Date of Completion: 2020 | Run Time: 78 minutes​​ | Language: English with English & Hebrew subtitles | Captions: Yes | Includes: Transcript | Director: Judith Helfand | Co-Director: David Cohen | Producers: Judith Helfand, Hilla Medalia & Julie Benello | Executive Producers: Regina K. Scully, Jenny Raskin, Geralyn White Dreyfous, Dan Cogan, Megan Gelstein, Susan Margolin, Sarah Cavanaugh, Nancy Blachman | Editors: Marina Katz & David Cohen | Director of Photography: Daniel Gold | Music: Paul Brill | Narration Writer: Judith Helfand & David Cohen | Supervising Sound Editor and Re-Recording Mixer: Benny Mouthon, CAS | Colorist: Joseph Mastantuono

Seven months after helping her terminally ill mother have a “good death” in home-hospice, filmmaker Judith Helfand becomes a “new old” single mother at 50. Overnight, she’s pushed to deal with her stuff: 63 boxes of her parent’s heirlooms overwhelming her office-turned-future-baby’s room, the weight her mother had begged her to lose, and the reality of being a half century older than her daughter.
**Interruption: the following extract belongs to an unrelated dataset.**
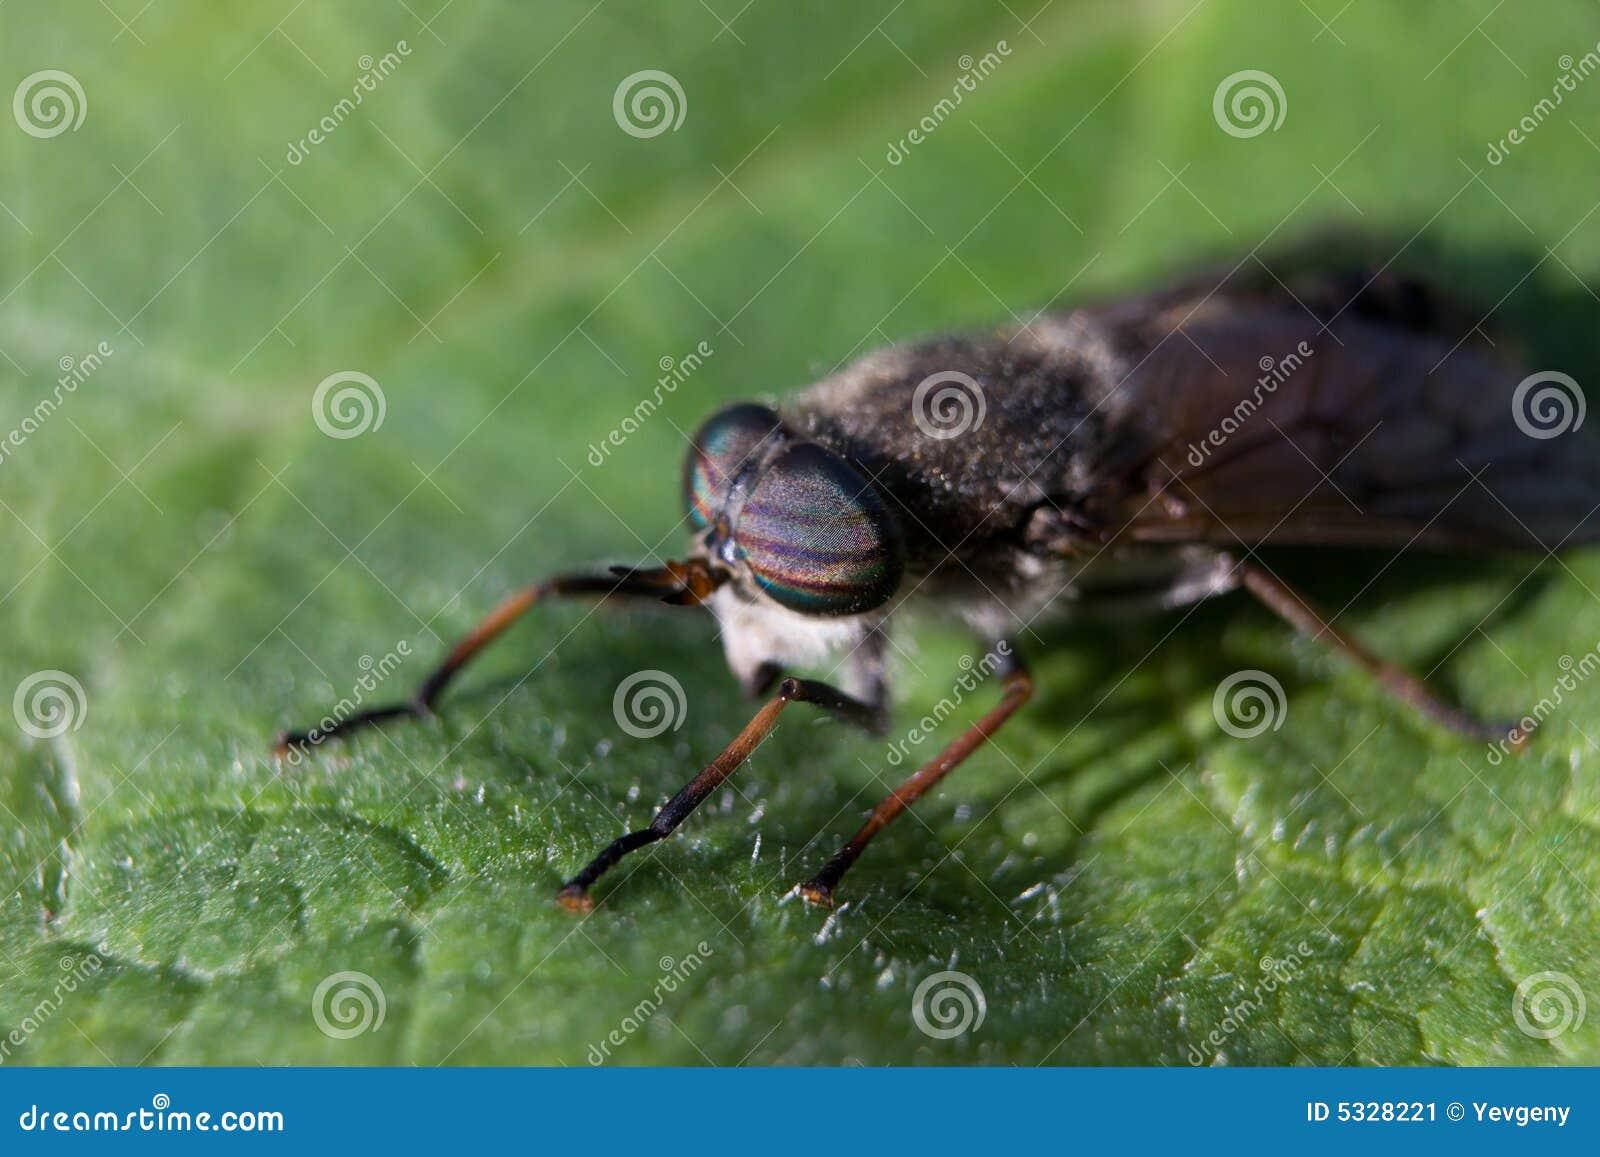 pferden fliegen insekt stockbild bild von gespenstisch 5328221. Black Bedroom Furniture Sets. Home Design Ideas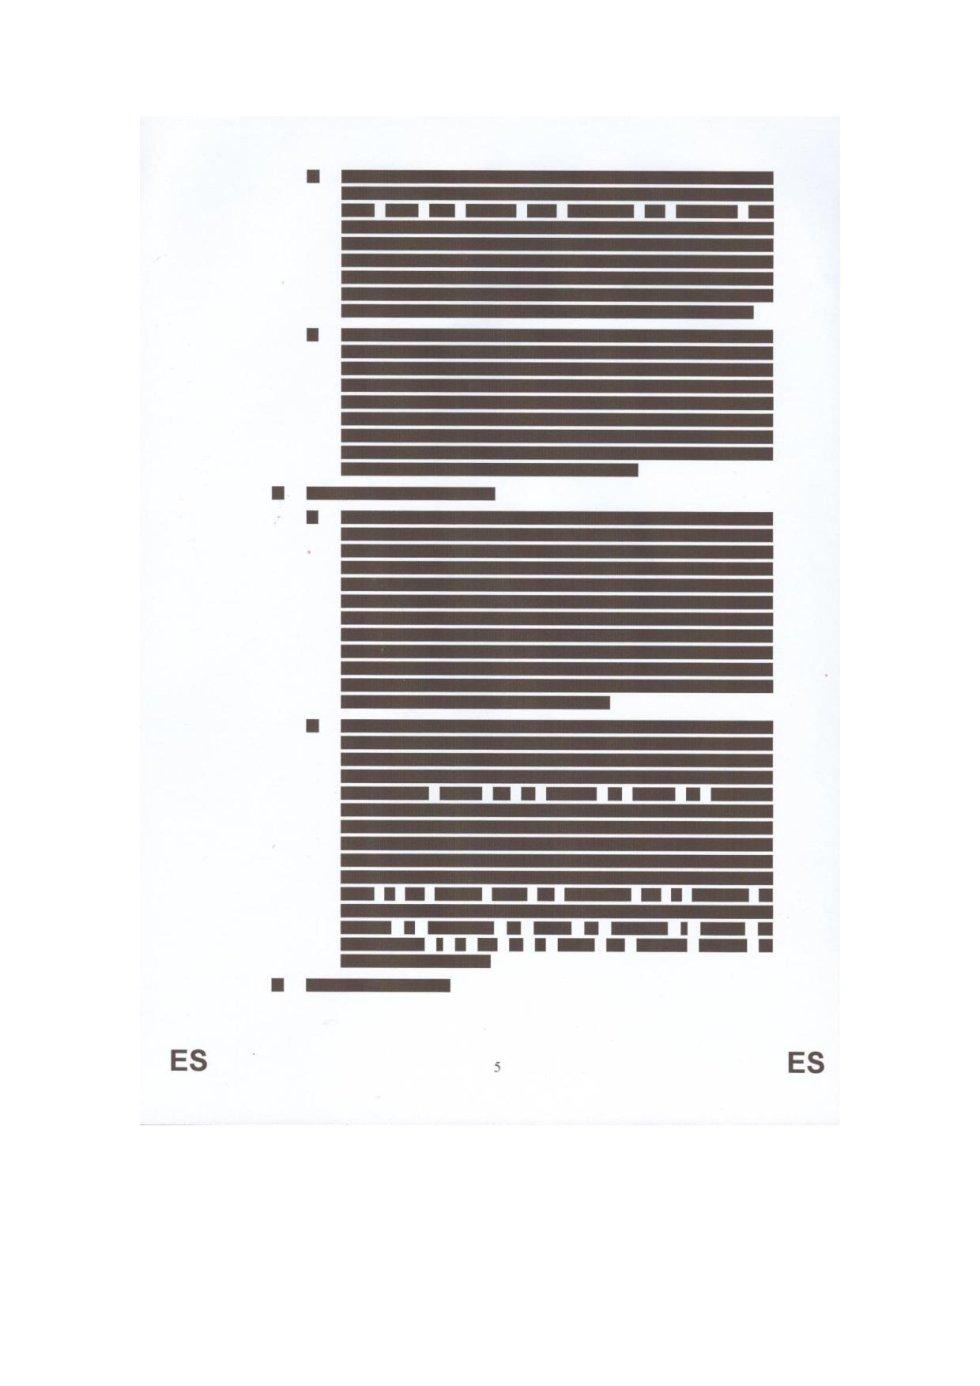 Versión mutilada del dictamen positivo de la Comisión Europea sobre la mina de uranio de Berkeley en Retortillo (Salamanca)

Told in the first person, in deep consultation with the past – as in 25 years of family footage – LOVE & STUFF explores the transformative power of parenting, our complex and very emotional attachment to stuff, and what it is we really need to leave our children.

In LOVE & STUFF, Helfand continues the journey she began two decades ago with her seminal film HEALTHY BABY GIRL (Sundance; POV; Peabody 1997), which was followed by the 2002 Sundance award-winning sequel BLUE VINYL and the short epilogue EK VELT (2004). Through these films Helfand established a voice that is deeply personal, darkly funny and ultimately reflects the universal power of love and family.